Automatic speaker recognition (ASR): identification, verification and diarization

Due to individual differences in physical attributes like vocal tract shapes, every person possesses a distinct voice pattern. In automatic speech recognition (ASR), this uniqueness is harnessed to identify and analyze speakers by extracting and analyzing voice features such as pitch and frequencies.

So, how exactly can AI-powered technologies be utilized for this purpose? This is where automatic speaker recognition comes into play.

If you're building an audio or video-based product, this is a must-read to understand the mechanics of ASR, learn about the differences between identification, verification and speaker diarization, and get an overview of the key factors to consider when building ASR detection systems.

What is speaker recognition?

Speaker Recognition (SR) is an old and critical field of AI, focused on solving the problems of speaker identification, verification and diarization.

Image with ASR speakers recognition definitions: identification, verification, diarization

Before diving into how each of these works, the different use cases they unlock, and how to choose the most suitable multi-speaker system for your needs, let's start by looking at the most fundamental element in the field of speech recognition – sound.

What is the sound ?

Sound is a wave vibration that travels through air until it reaches the listener's ear and allows us to understand what's being said.

The sound in the air is a continuous signal that can be represented in time-domain; it shows the amplitude change of the signal as a function of time.

When it comes to digital audio, the sound is converted into a discrete signal that can be represented in frequency-domain; it shows the amplitude change of the signal over different frequencies.

ASR speakers recognition: continuous signal graph

ASR speakers recognition: discrete signal graph

For AI-powered speech recognition systems, every person’s voice represents a unique sound to be deciphered. The key properties of multi-speaker input audio that are taken into account for speaker recognition include wavelength, frequency, pitch, amplitude and sample rate.

Wavelength

Wavelength refers to the physical length of a sound wave and is measured from one peak of the wave to the following one. Analyzing the wavelength serves to identify unique patterns in speech, as different individuals produce speech with variations in wavelength due to their vocal tract differences.

Frequency

Frequency is the rate at which a sound wave vibrates. It's calculated by the number of complete wave cycles in a second, and is measured in Hertz (Hz). Frequency patterns are used to differentiate between speakers, based on individual differences in vocal ranges and speech patterns.

ASR speakers recognition: frequency graph

Pitch

Pitch is an attribute of sound, which influences how we perceive the highness or lowness of a sound. It's used to differentiate if the tone is strident or flat. Based on the wave's frequency, one can know the quality of sound.

ASR speakers recognition: pitch graph

Amplitude

Amplitude refers to the magnitude or strength of a sound wave. It represents the height of the wave and shows how strong it is. While not used by default for speaker recognition, it can be relevant for normalizing speech signals to ensure consistent analysis across different recordings.
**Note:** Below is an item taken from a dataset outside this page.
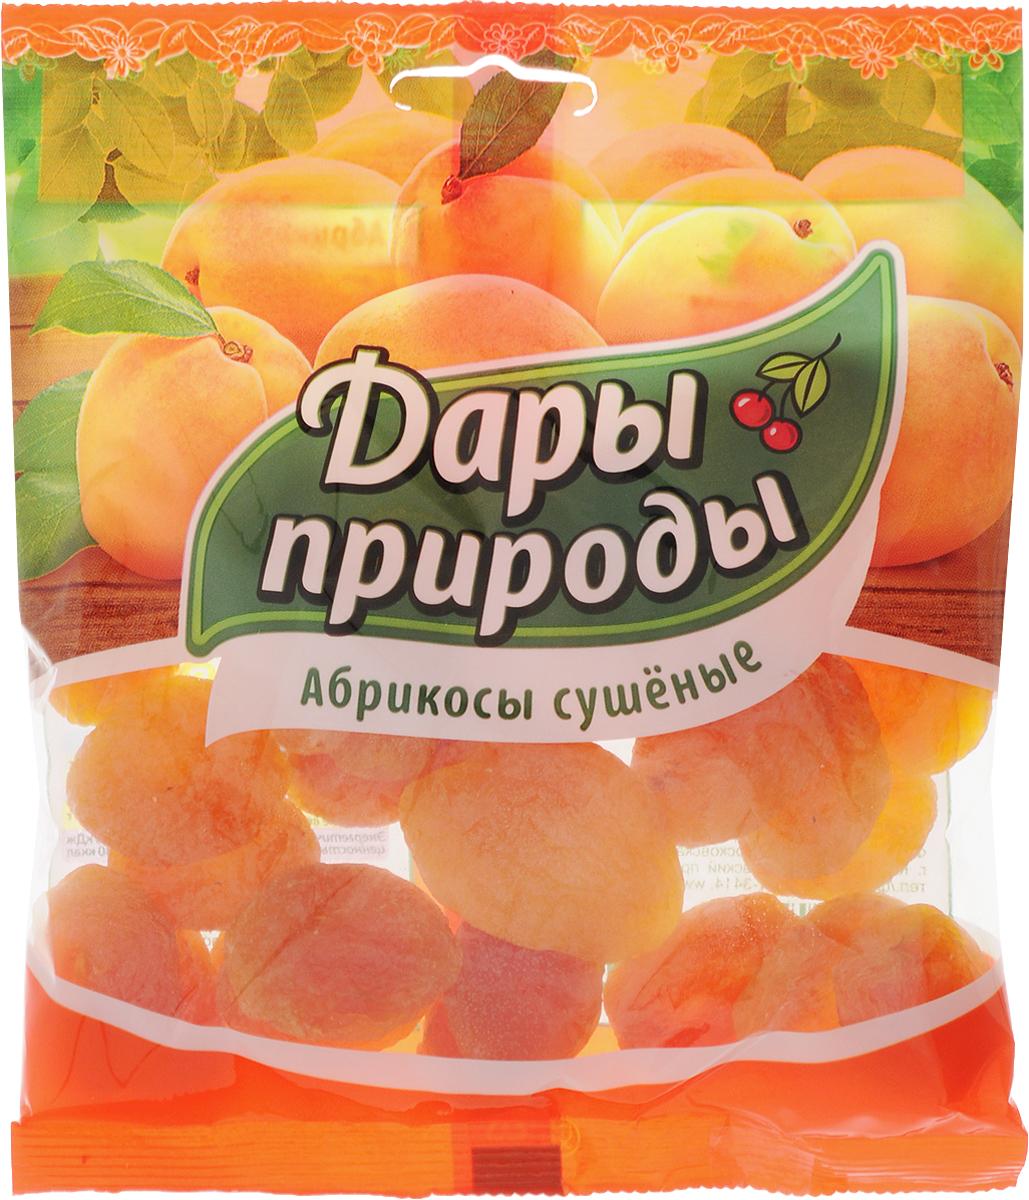 Дары Природы кайса абрикос сушеный, 150 г1233Сушеные абрикосы Дары Природы обладают высокими вкусовыми качествами, быстро утоляют чувство голода, обогащают организм витаминами и микроэлементами. Это не только очень вкусный, но и необыкновенно полезный продукт.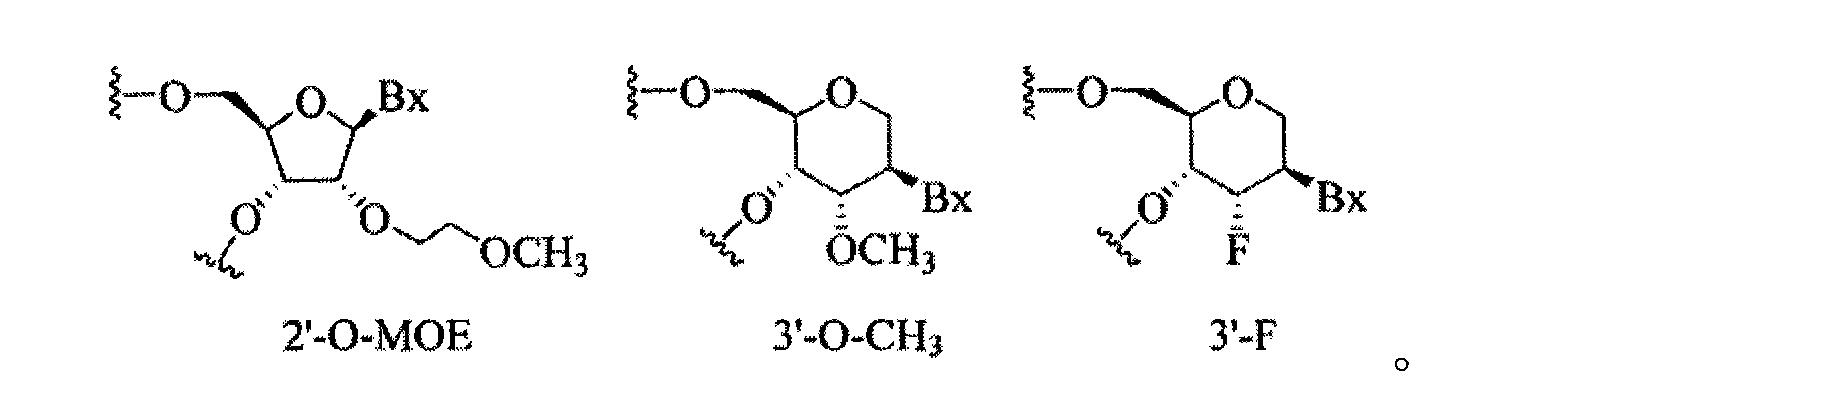 Figure CN101821277BD00451

Amplitude as part of the soundwave graph in ASR speakers recognition

Sample rate

Measured in Hz, sample rate refers to the number of the samples of audio carried per second. Each sample consists of several conversions of small parts of the signal. It generates an array that's used as a digital representation of the signal.

ASR speakers recognition: sample rate graph — The line represents a sound wave, while the dots are samples.

Sample rate plays a key role in automatic speaker recognition, helping to capture detailed information about the speaker’s particular pronunciation, intonation, and other speaker-specific features.

For best results, it’s better to have a higher sample rate to capture more nuances. This is done by minimizing the distance between samples, providing a closer representation of the original wave. Bear in mind that, while favorable for speaker recognition, higher sample rates require additional resources.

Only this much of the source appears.